Image: Socket
A deceptive and highly targeted phishing campaign has successfully compromised several popular npm packages, including eslint-config-prettier, eslint-plugin-prettier, and synckit, after stealing credentials from a key maintainer. The attack, discovered by engineers at Socket, involved a sophisticated typosquatting domain—npnjs.com—used to harvest npm tokens through a spoofed login interface.
“One of our engineers recently encountered a phishing email that attempted to impersonate npm,” Socket reports. “The email spoofed the support@npmjs.org address and contained a link to npnjs.com (note the ‘n’ instead of ‘m’).”
The phishing email directed recipients to https://npnjs.com/login, a near-exact clone of the legitimate npm website. The attackers even embedded real npmjs.com links in the email to boost credibility. The fake domain was designed to steal login credentials and authentication tokens from unsuspecting maintainers.
“The tokenized URL hints at semi-targeted efforts, potentially focusing on active package maintainers with significant reach.”
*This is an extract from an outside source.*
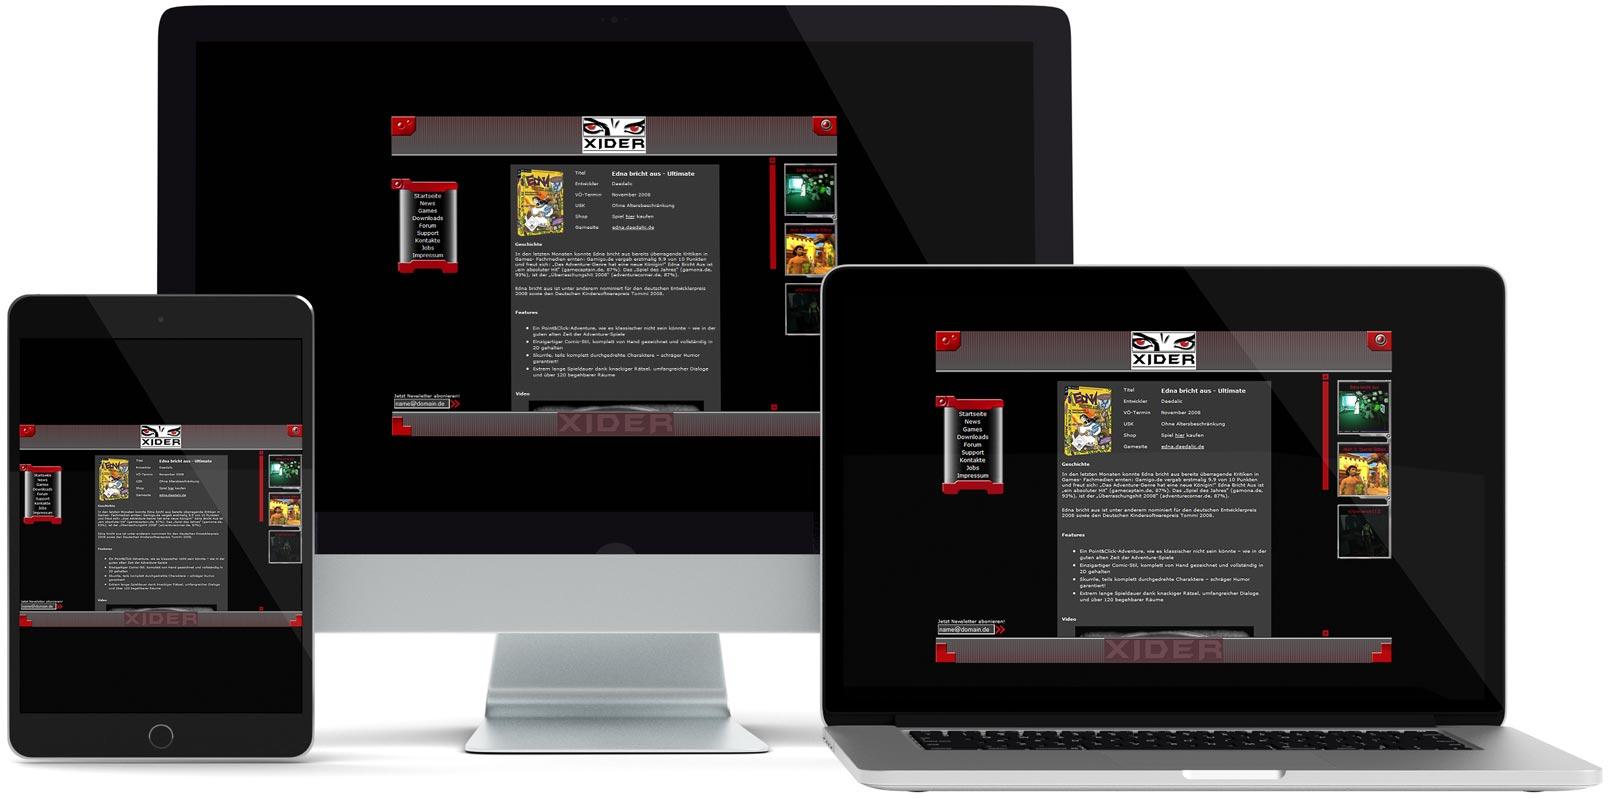 Dreamweaver Webdesign: XIDER

The victim in this case maintains packages with over 34 million weekly downloads—a prime target for a supply chain breach.
Once the attacker gained access to the maintainer’s npm token, they published malicious versions of widely used packages directly to the npm registry—bypassing GitHub entirely. This made detection far more difficult.
The following versions were compromised and later flagged as malicious:
- eslint-config-prettier: 8.10.1, 9.1.1, 10.1.6, 10.1.7
- eslint-plugin-prettier: 4.2.2, 4.2.3
- synckit: 0.11.9
- @pkgr/core: 0.2.8
- napi-postinstall: 0.3.1
These packages contained injected code designed to target Windows environments, attempting to load a malicious DLL (node-gyp.dll) via rundll32, which could potentially lead to remote code execution.
“The new versions contained malicious code, including a Windows-specific payload attempting to load node-gyp.dll via rundll32.”
With integrations like Prettier and ESLint used in thousands of projects and CI/CD systems like Dependabot and Renovate automatically pulling in the latest versions, the breach had the potential to silently infect vast numbers of developer environments.
Socket confirmed that these malicious versions were rapidly deprecated and removed, but not before they had already been downloaded by some systems.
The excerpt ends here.